Preliminary calculations have shown that all the components of the errors are commensurable and depend directly proportionally on the distance from the optical system to the object. The greatest contribution is made by the errors caused by the discreteness of the photomatrix, the parameters of which are being continuously improved. In the measurements it is necessary to reduce the distance to the object, though this leads to significant optical distortions. When processing information, it is best to use the complete screen in the image and to employ special programs for correction of optical distortions. The numerical values of the errors which are obtained are maximally overstated, since they are defined for unfavorable cases, when all the different types of errors are of the same sign and contain the maximum constituent components.

On the whole, whether the required measurement precision can be attained depends on the shape of the object and the components of the equipment employed as well as requiring an individualized approach for different objects and different measurement conditions.

Conclusion.
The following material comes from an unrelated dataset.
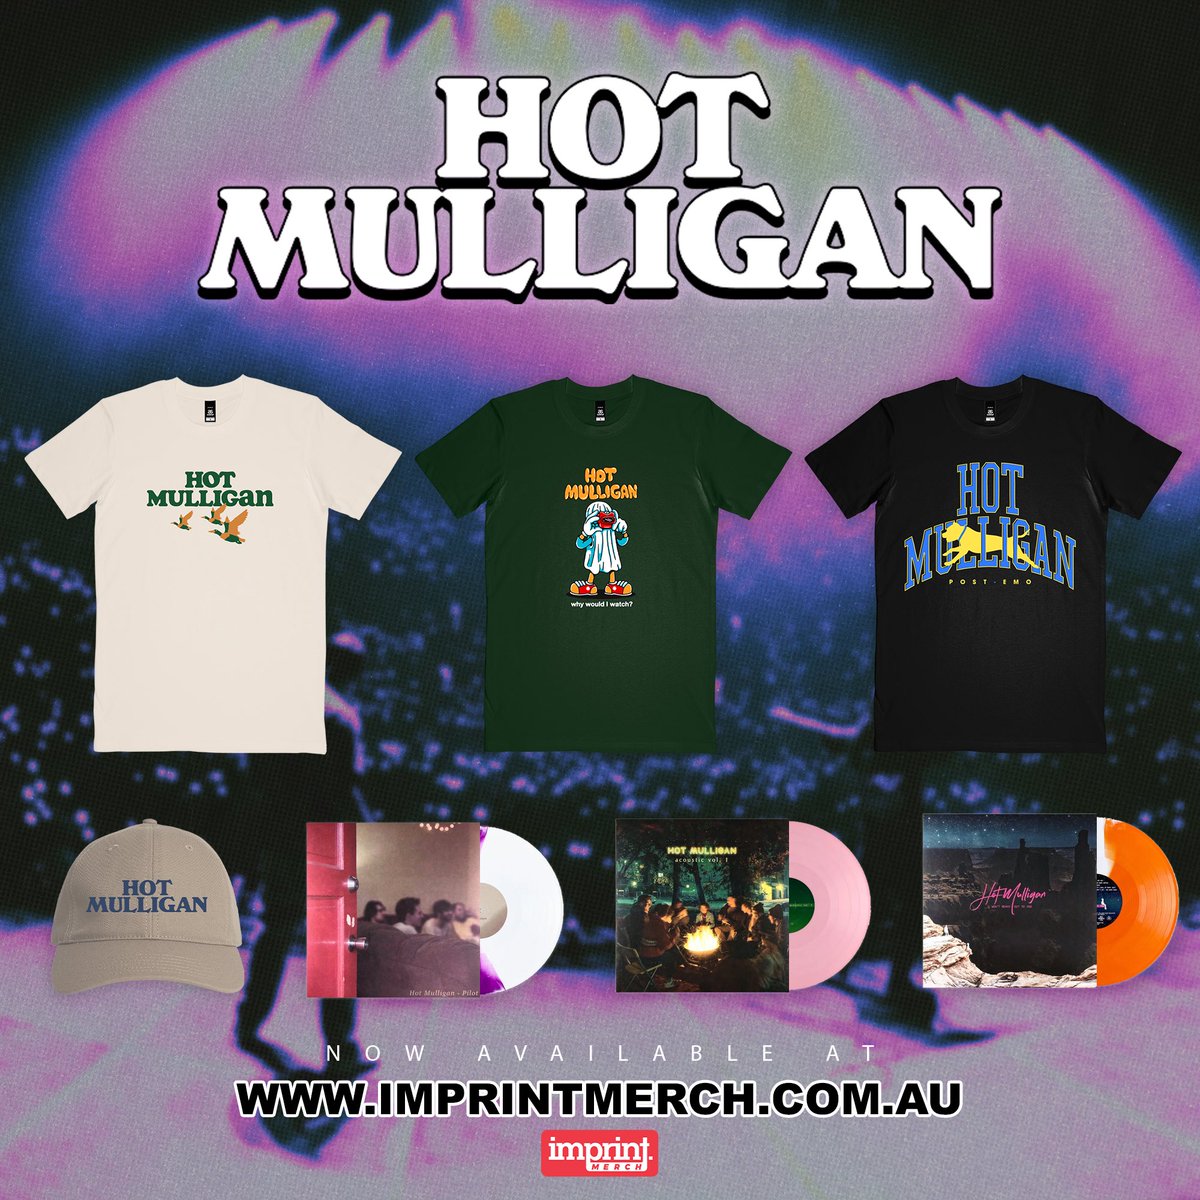 Miss out on some @HotMulligan merch while they were here last month? Restocks available online now. Get yourself a shirt, hat and some vinyl now while you can. imprintmerch.com.au/collections/ho…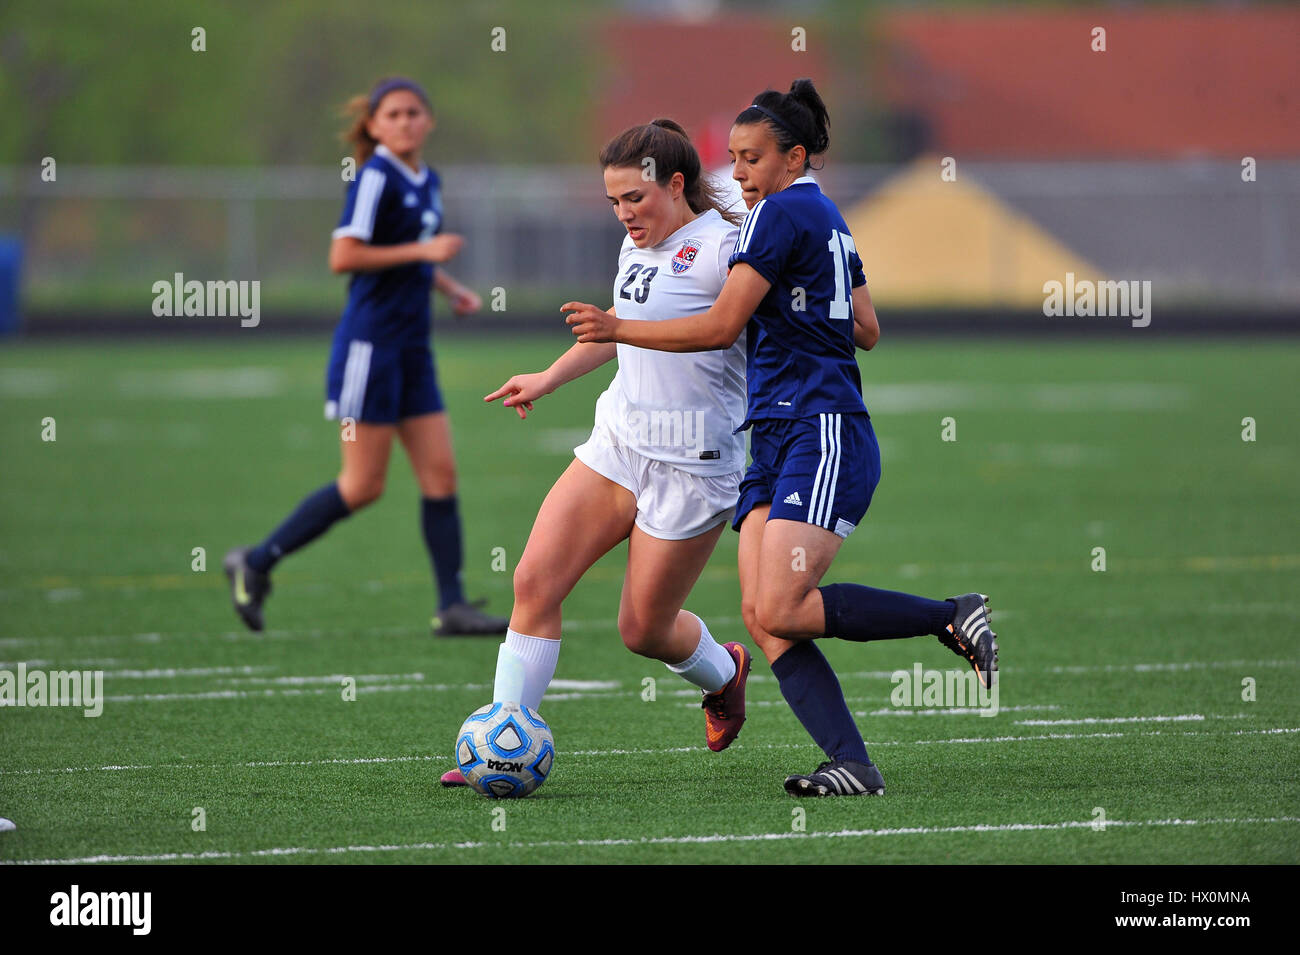 Opposing players battling for control of the ball.during a high school soccer match. USA. Stock Photo

The proposed photoprojection method for the measurement of the geometric parameters of parts of complex shape substantially reduces the time needed for quality control of an article, since it does not require scanning of the surface and enables the determination of an arbitrarily large set of points on a surface found in recognizable elements of the projected coordinate system, such as a terminator line or projection grid. The proposed method does not require systems for the deflection of a laser beam and is less demanding as regards angles and the reflectance of the material of the part, since it utilizes both the illuminated region of the projected grid as well as its darkened part as the information signal. Thus, in view of the substantial capabilities of image processing, it may be asserted that the overall time needed for measurement of the geometric parameters of a part will be equal to the time needed to obtain a single photograph of an object from each of several required approach angles. Through the use of the proposed method, it is possible to significantly increase the rate of inspection of the geometric parameters of articles of complex shape, increase the work efficiency, selectively reject effectively all articles that do not correspond to given dimensions, including those encountered with the use of additive technologies for the production of the parts of machines, engines, and the elements of the structures of aircraft engines.

The present study was carried out with the support of the Ministry of Education and Science of Russia in the framework of the State Assignment (Project No. 8.2297.2017/4.6).